One of the guards said, "My cousin Jehan thought it would be a good idea to attack from the land. That's where you seemed to be, if your smoke was any indication. If we came sailing in from the west, you'd see us and make preparations. Better to circle to the south -- the island would hide us – and land a party in the little southern harbor, then come through the forest and take you by surprise."

"It worked," said Jehan stubbornly.

"We don't have their ship," said the guard.

"We'll get it," Jehan said. "In the meantime, we have dinner."

"And two women," said one of the other pirates.

"What?" asked the guard. He was a stocky man with dark fur going silver over his shoulders. In Ahl's opinion, he looked sensible, not a trait she associated with

piracy.

"I'm a woman," said Ahl. "And so is she."

"This is turning into a perplexing mess," the guard said. "What are two women doing on a Taig ship, disguised as men? Taig women don't travel, and why would any woman disguise herself as a man? Surely you know how dangerous it is! We could have killed you by mistake."

"Can I speak?" asked Perig.

"If you want to," said the guard. "And have something useful to say."

"He's one for chattering," said Jehan in a warning tone.

"Let him chatter," said the guard. "I want information."

"These two women needed to get south in a hurry and went in disguise, because they couldn't find a women's ship."

"Are you related to them? You don't look similar."

Perig hesitated briefly, then tilted his head in assent. "The women in our lineage are tall and have an authority we men lack."

"Which lineage?" the guard asked.

"Tesati," said Perig.

"Not one I know."

"It's to the north," said Perig. "At the edge of the Great Central Plain. Or rather it was there. The Unraveling has destroyed much. Another family overwhelmed ours. The men are dead, except for us."

"Why are you alive?" asked Jehan.

"We weren't home when the end came.

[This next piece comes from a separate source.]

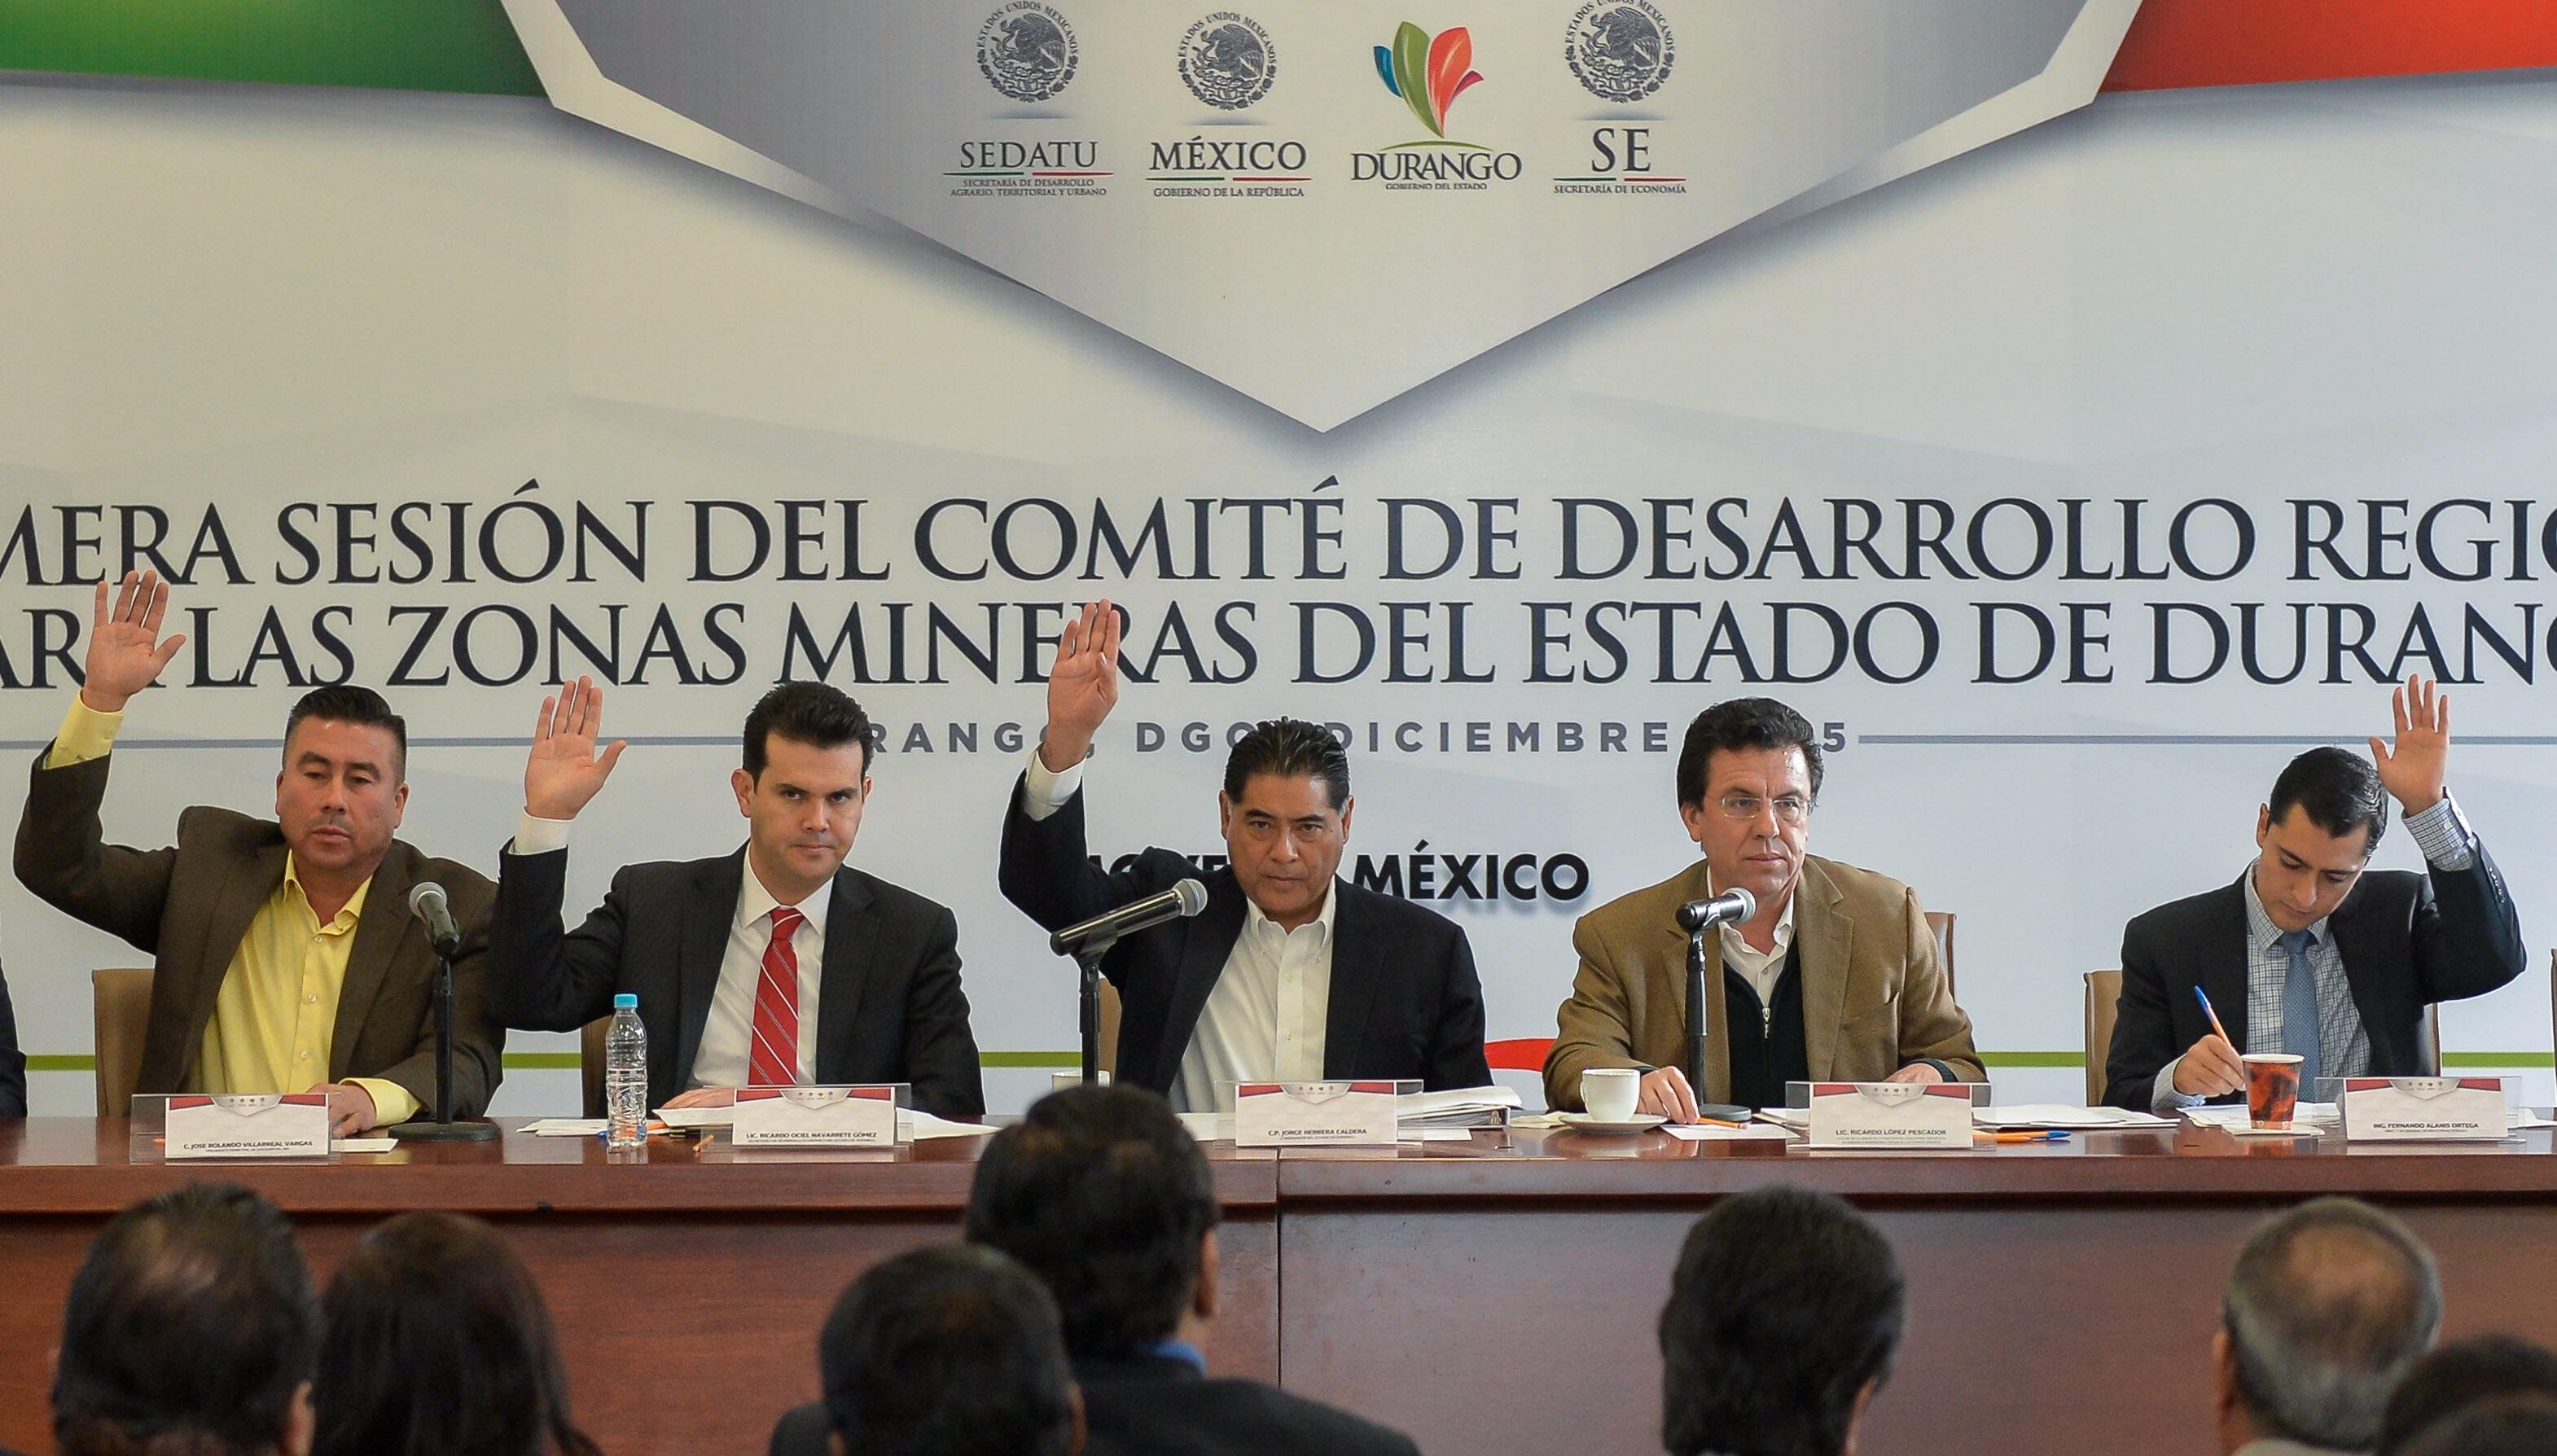 Integrantes del Comité para el Desarrollo Regional de las Zonas Mineras de Durango durante la votación para asignación de recursos para obras sociales.

Cholkwa and I are actors and often travel."

"Actors!" said the guard, looking interested.

"When we did come home, we found --" Perig smiled briefly. "No home. Our male kin were dead. The family that killed them, the Chaitin, had gathered in our female relatives and the children. We should have killed ourselves. It would have been the decent thing to do. But we found these two hiding out, along with Leweli's baby. They didn't want to be Chaitin. There are women who hold this kind of grudge."

Everyone was listening intently, of course. It was a good story, told excellently. But now Ahl saw a look of confusion on the Taig cook's face, followed by a look of horror. The cook was remembering the night before, she thought. Perig and Cholkwa had made love on the beach. The Taig sailors had noticed and been undisturbed. Traveling companions often give each other this

kind of comfort, provided they are the same sex and not related. But if the two actors belonged to the same family, the act was incest. The cook opened his mouth, then closed it and glanced down, going back to work on his injured comrade.

A near thing! And not over. The cook might still decide to denounce the actors.

"Maybe we should have given our kinswomen to the Chaitin," Perig said. "They would have been safer; and there is always something offensive about the idea of women without a family. Such things happen to men. We know it! But women should live inside a double wall of matriarchs and soldiers.

"These ethical problems are never easy to untangle. In the end we decided to rely on the old rule, which says that men should not make decisions for women.

That power lies in the hands of their mothers and their female relatives; and they were not available, nor were they kin, since they had become Chaitin, while these two remained Tesati. They asked us to escort them south; and we agreed out of loyalty, which is not the foremost male virtue. That, of course, is

directness or honesty. But loyalty is one of the five."

"I told you he talked a lot," said Jehan.